Adaptors were trimmed from raw reads using Trimmomatic v0.35 (Bolger et al., 2014) (with the setting conditions: sliding window: 4 bp, minimum average PHRED quality: 10; minimum read length: 40bp). To obtain an accurate assembly of transcripts, we applied Trinity v20140413p1 (Grabherr et al., 2011) and PASA v2.0.2 (Haas et al., 2003) to reconstruct transcripts for every gene. For the Trinity de novo and genome-guided assembly (assembly number: ASM52419v1), we used the default parameters. Tophat 2.0.8 (Kim et al., 2013) was implemented to map the trimmed reads to the E. granulosus genome with a maximum of two mismatches. Minimum and maximum fragment sizes were set at 300 and 500 bp, respectively. The remainder of the parameters were left as default. Differential expression analysis between time points was performed using DESeq (version 1.24.0) after counting the number of reads per transcript using featureCount v1.4.6 (Liao et al., 2014). Significance was assessed as having an experiment-wide FDR < 0.05 (calculated using the Benjamini–Hochberg method) and a fold-change value >2 or <0.5.

miRNA Analysis

Small RNA reads were first trimmed from the 5′ adapter sequence through FASTX toolkits1. Then, we removed low quality sequence reads and collected small RNAs ranging from 18–30 nucleotides.
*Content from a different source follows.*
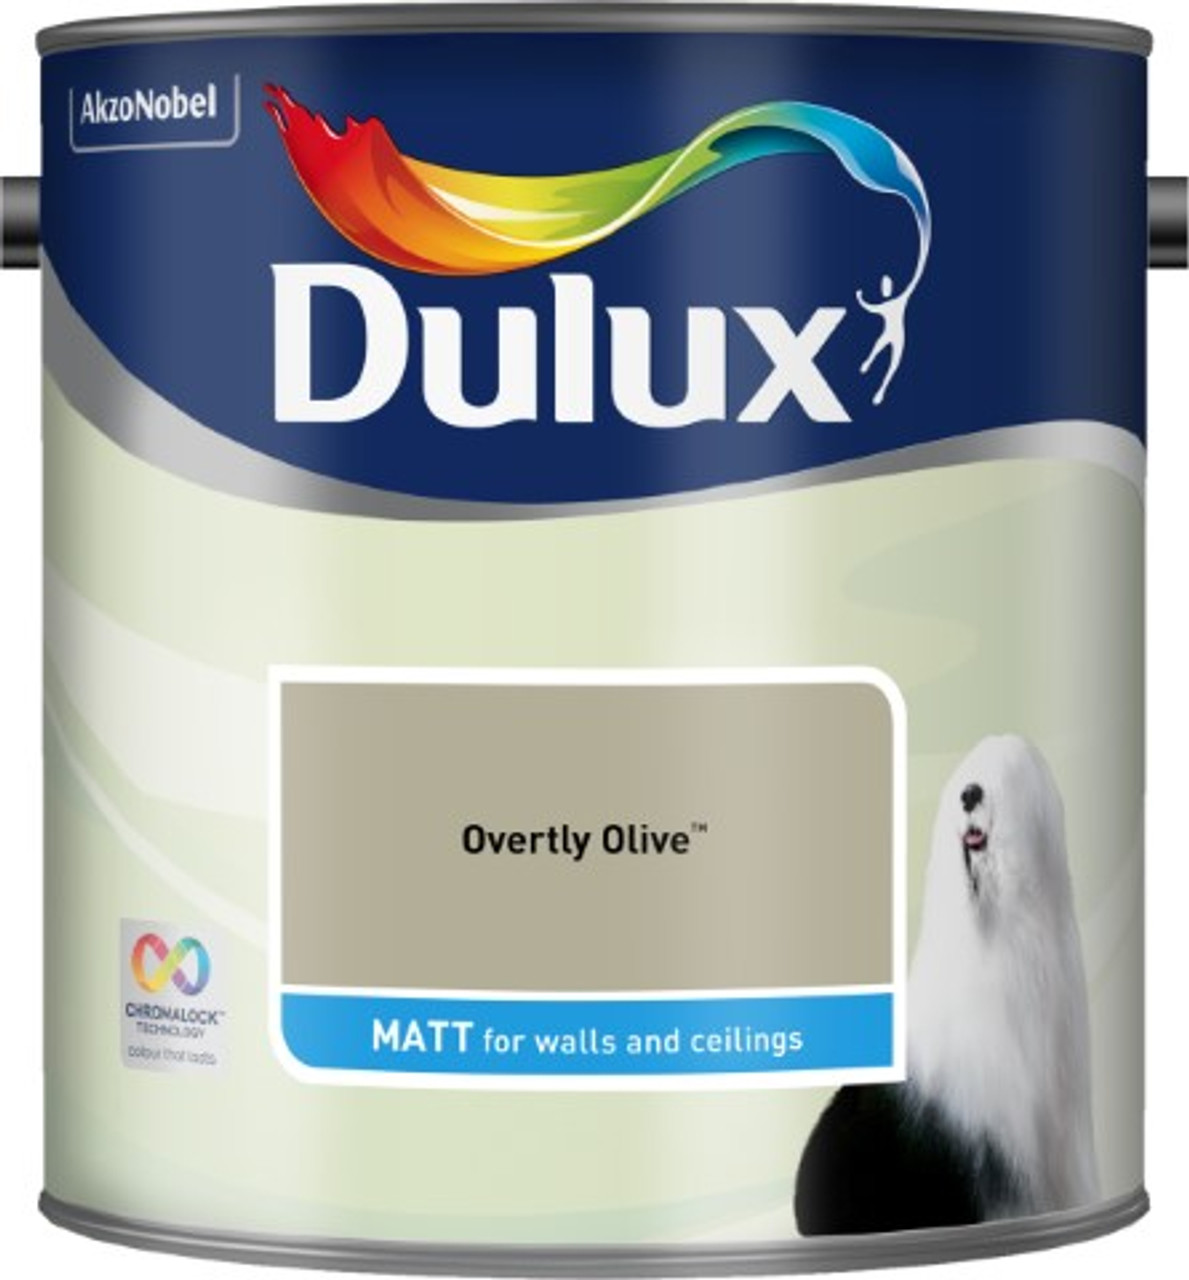 2.5L Dulux Matt Emulsion Overtly Olive

After removing duplicated sequences from the initial dataset, we compared all sequence tags against a database of known miRNA2, and profiled every annotated miRNA in each library. We discarded all sequences matching with known E. granulosus rRNA, tRNA, snRNAs, mRNAs, and repeat sequences in the E. granulosus genome. The remaining unique sequences were predicted by miRDeep 2.0.7 (Friedlander et al., 2012) and miRNA candidates were selected based on the criteria described previously (Bai et al., 2015). All known or novel mature miRNAs were counted by the quantifier module of miRDeep2 and relative expression levels were calculated by counting the numbers of respective miRNA reads normalized to the total number of annotated miRNAs (TPM) in each library. After log2 transformation of each expression value (TPM + 1), differential expression between the two developing directions was evaluated using DEGSeq. The significance value was adjusted using FDR (Benjamini–Hochberg) to correct for multiple testing.

miRNA Target Prediction

3′-untranslational regions were determined using the pipeline described in a previous study (Macchiaroli et al., 2017). We used complete gene structures reconstructed by PASA analysis. Only sequences located at the 3′ untranslated region of predicted genes were regarded as potential 3′-UTR sequences. The 3′-UTR sequences were extracted from the E. granulosus genome and length distribution analysis was performed using R custom scripts. Then, two algorithms, miRanda (Enright et al., 2003) and TargetScan, were used to predict the target genes of all mature miRNAs. The miRanda Energy thresholds were set at ≤-20 kcal/mol and other thresholds used a default value (score threshold, 140; gap-opening penalty, -9; gap-extend penalty, -4).

Functional Annotation

Novel transcripts, including alter splicing transcripts of known genes and new identified unigenes, were determined by PASA. Each alter splicing transcript was supported by at least two uniquely mapped reads. Unigene sequences were aligned to the non-redundant protein database (nr) using BLASTX (E-value < 10–5) for obtaining both protein and functional annotation information. Based on the annotations in the protein database, Blast2GO program3 was used to obtain GO annotations for the DEGs. Then, the hypergeometric test was used to classify the GO category, and the FDR was calculated to correct the P-value. KEGG pathway analysis was carried out using the KEGG Automatic Annotation Server for ortholog assignment and pathway mapping4. The hypergeometric test was used to assess significant pathways of enrichment.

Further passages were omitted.